• Brief
Exactly the lines from the line that has "Brand New Original Nike Foot Wear" through the final line below are to be retyped, and the pictures are not.

• Dataset content
▼
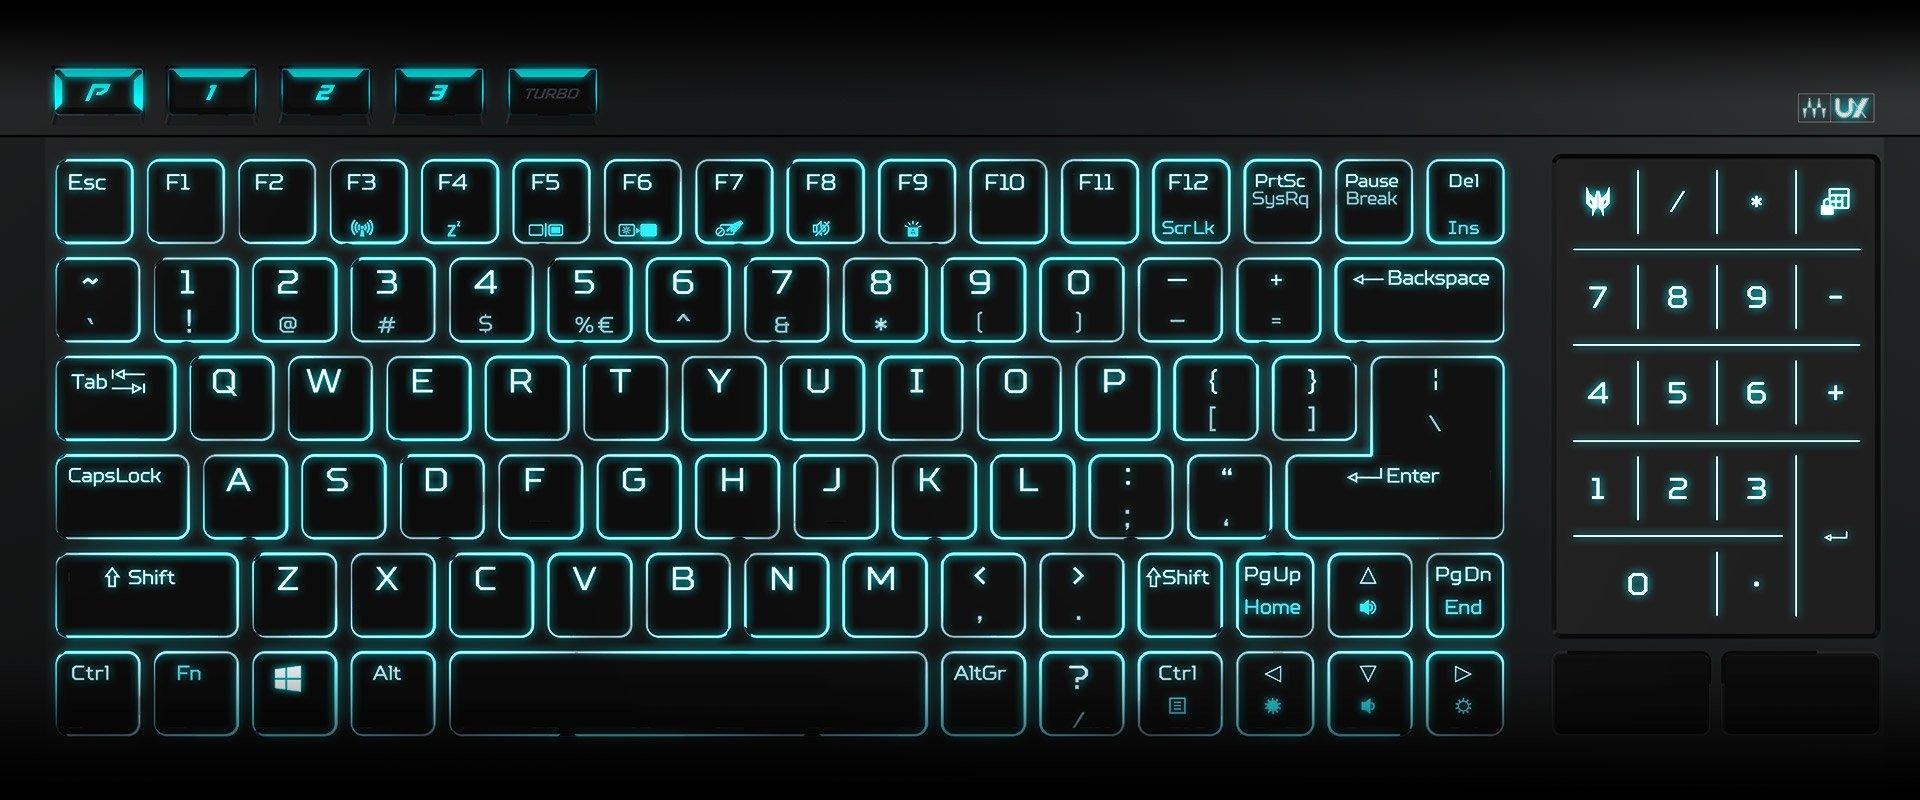 laptop Predator Triton 900
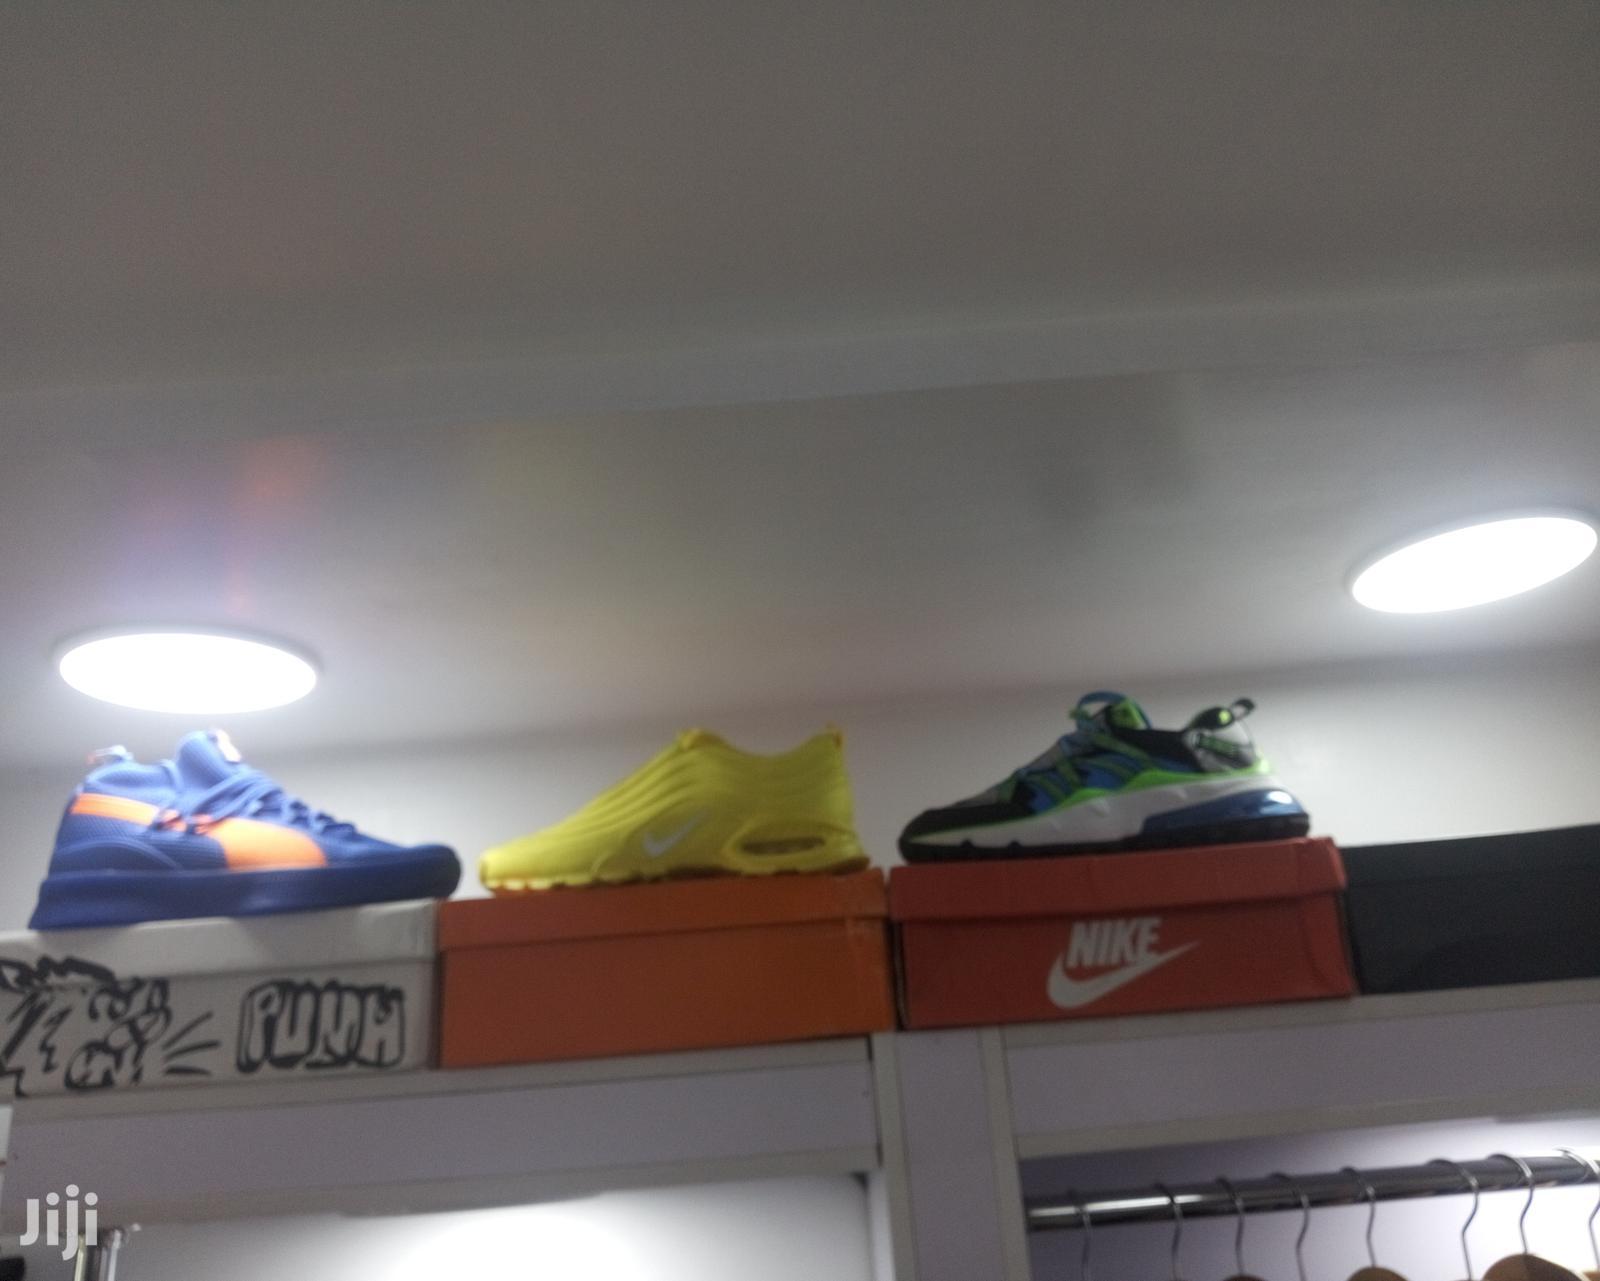 Brand New Original Nike Foot Wear
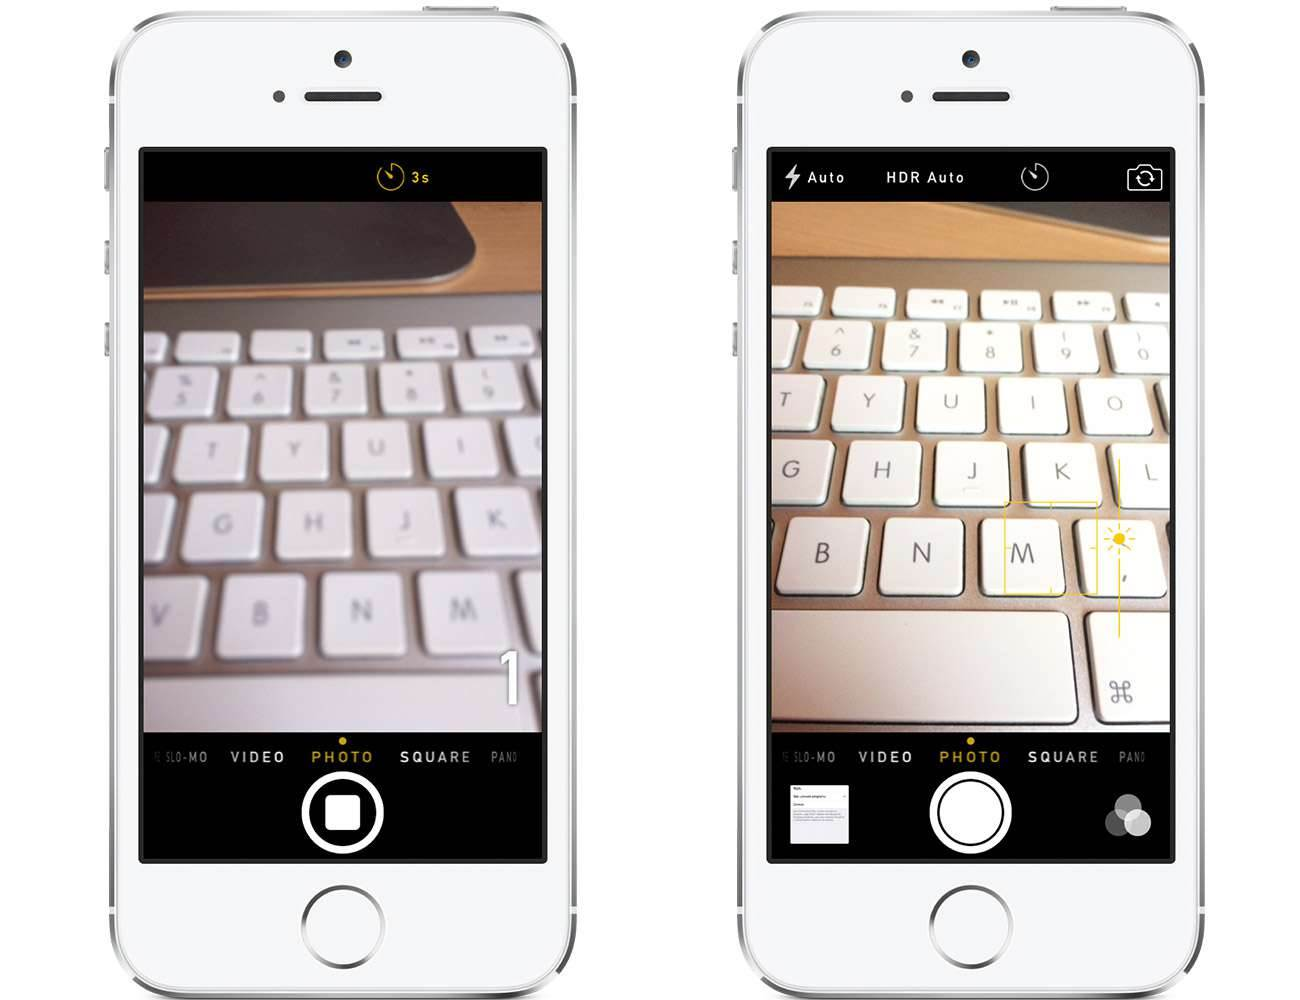 iOS8.Aparat1.onetech.pl
▲
• Result below
 Brand New Original Nike Foot Wear
 iOS8.Aparat1.onetech.pl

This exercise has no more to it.